After being in Ecuador I have a greater desire to serve and to help those that need it. I recognize how blessed I am and how ungratefully I have lived the past 20 years of my life. There are so many worldwide and even those in the United States that live so far below what I have always known as "normal." How ignorantly I lived until I saw. 

I know it is not my call in life to live in Ecuador and take care of those kids forever, as much as I wish that it was. There is more that I will be led to achieve and I can only pray it is as noble of a cause as taking care of those precious and perfect children. 

I hope that the remaining years I have at BYU I will be able to learn how to become the best teacher. I hope that through practice in the classroom I will one day be able to make an impact on student's lives. For it is so often that we forget our divine identity. We are not merely humans/people left to wander in confusion. I know I am a child of God. I know His hand is far more prevalent in my life than I ever had realized. And I know that there is no greater call than that of a teacher, mother, sister or friend. 

As I sat in Sunday School on Sunday, I found myself doodling on the notebook I bring to church.

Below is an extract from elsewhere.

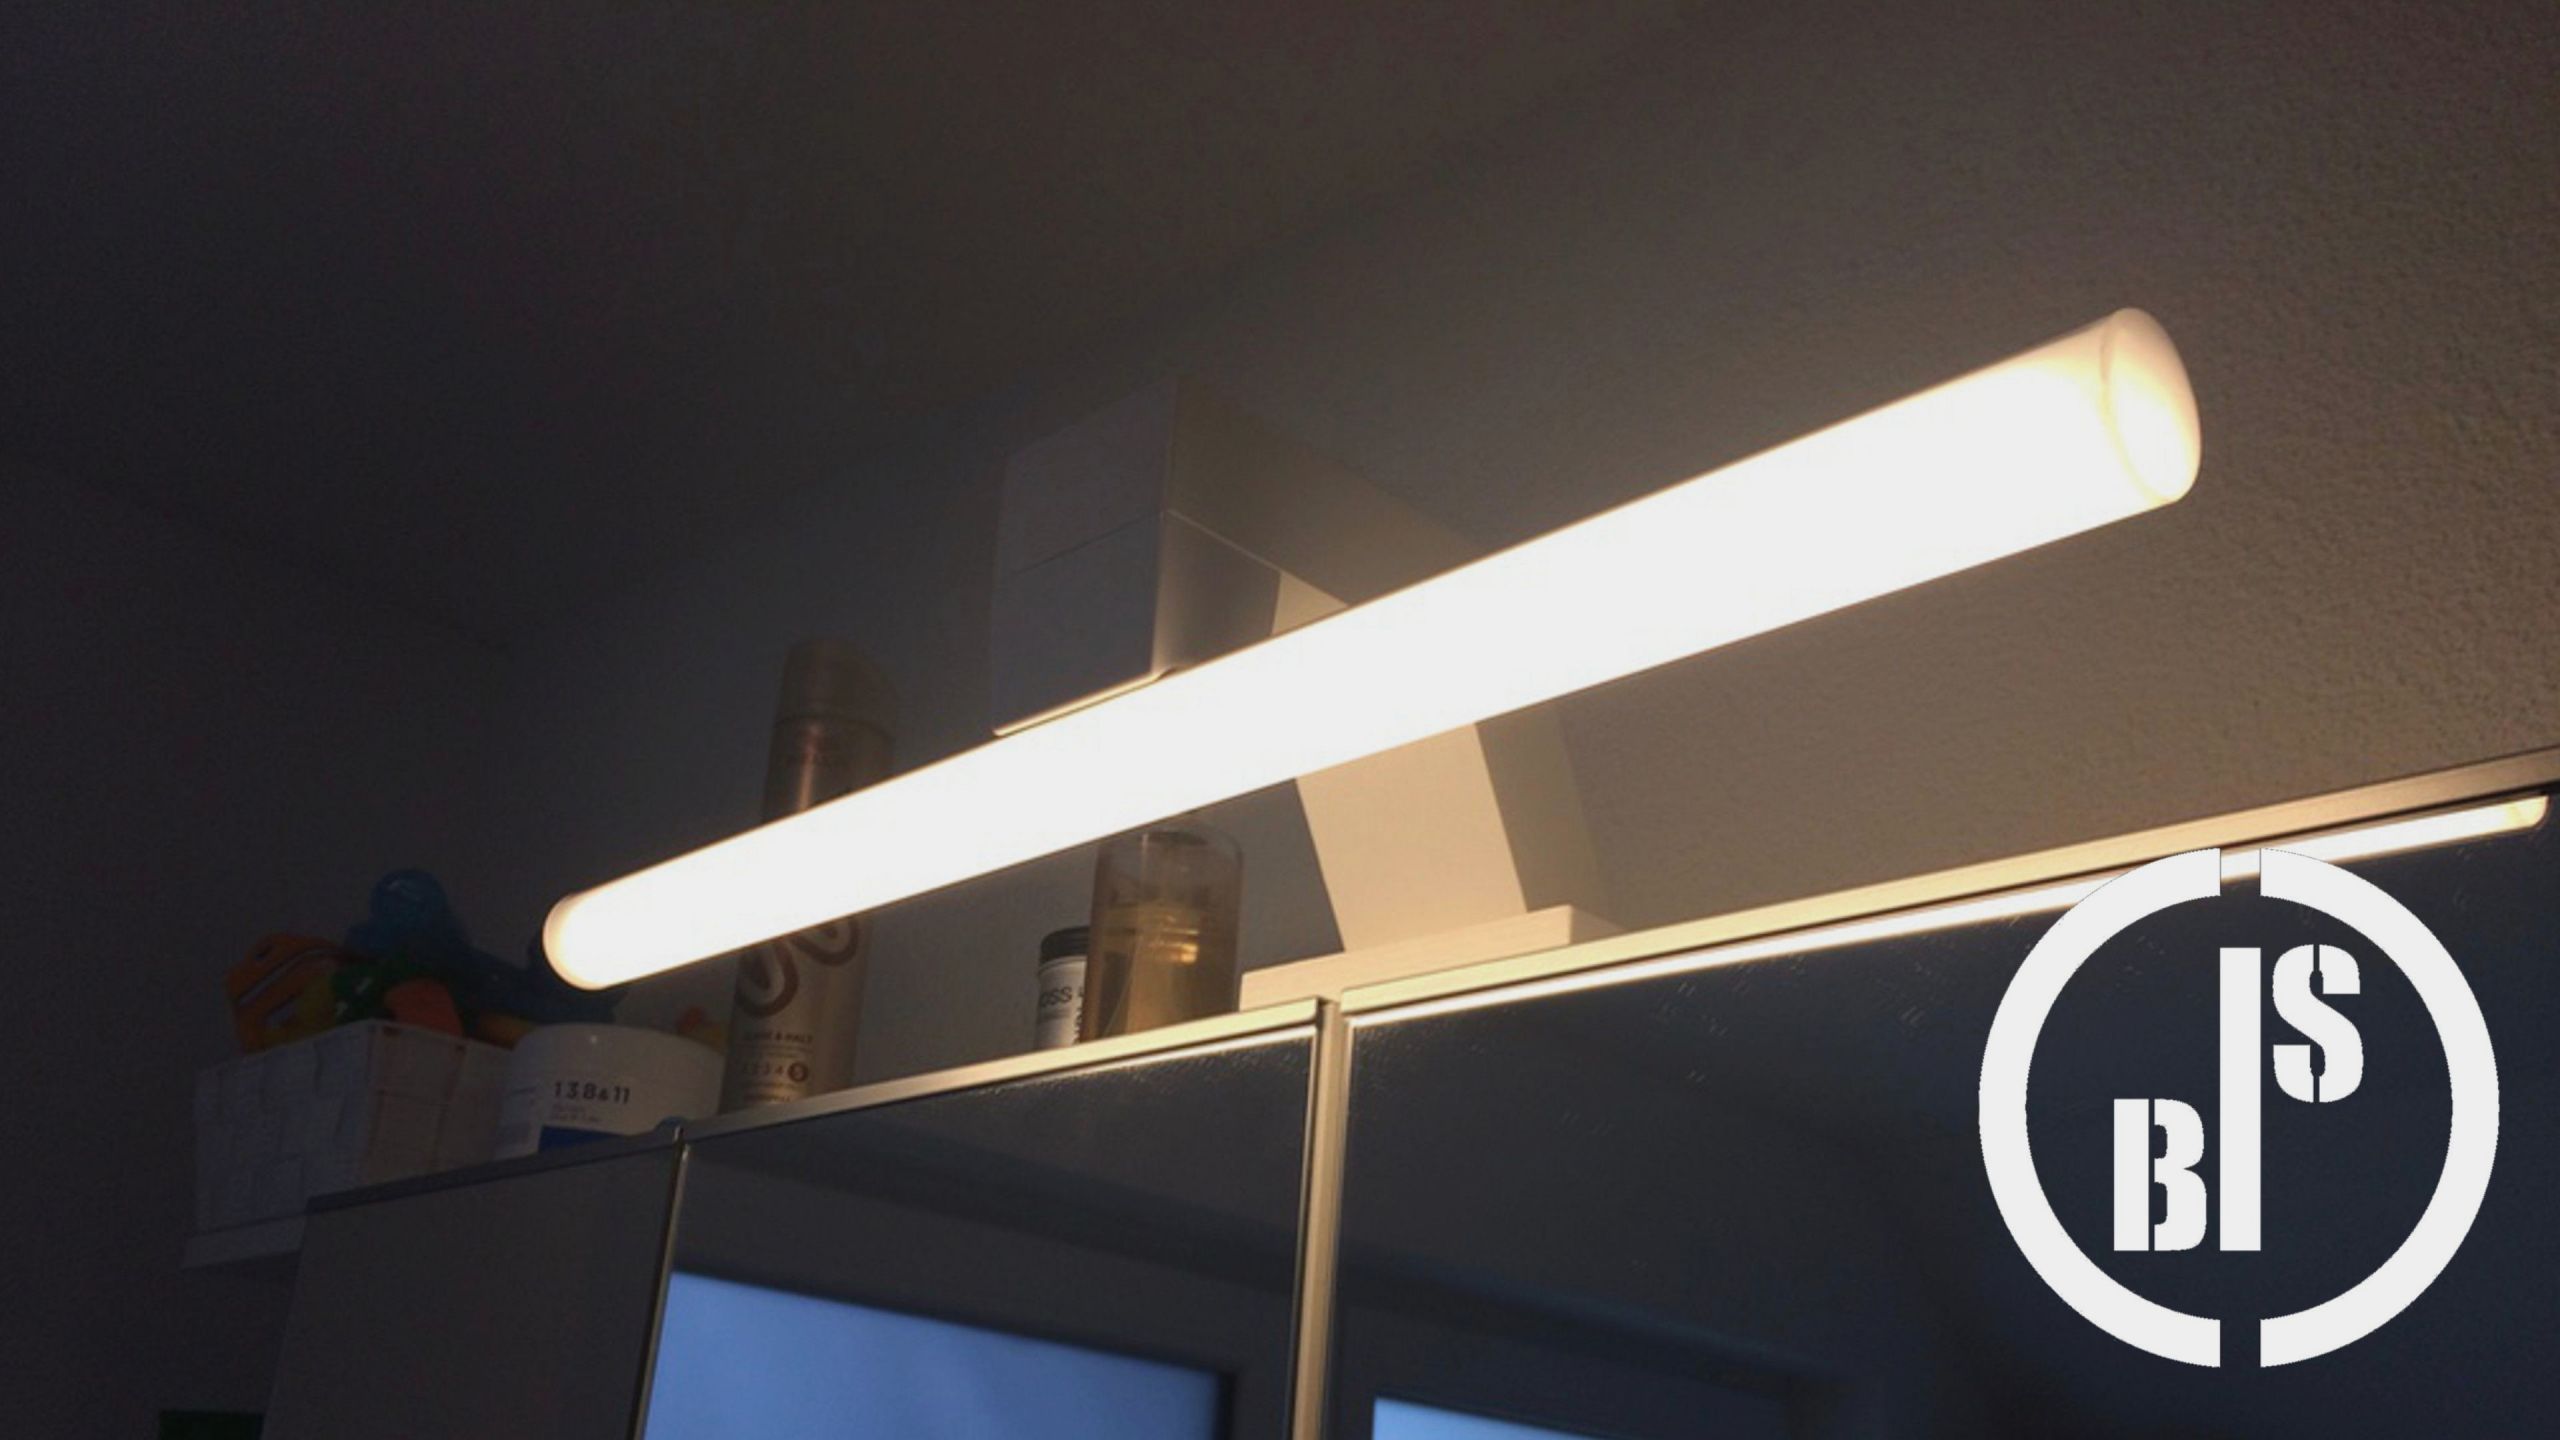 wohnkultur wagenrad lampe selber bauen diy bathroom light badezimmer because we didnt

By the time I was finished I had come up with my own "quote." It read:
"Every person, no matter their age, race, religion, education, nationality or  social status IS a Child of God. Treat them like it. And remember you are NO different."

Those children in Ecuador changed my life and my mindset. I know it probably sounds silly, but I owe so much of what I am becoming to their sweet smiles, kindness and unconditional love. 

(I actually want to become fluent in Spanish and work at a Title II school. It's a new dream of mine. I love my brown babies. :)   ).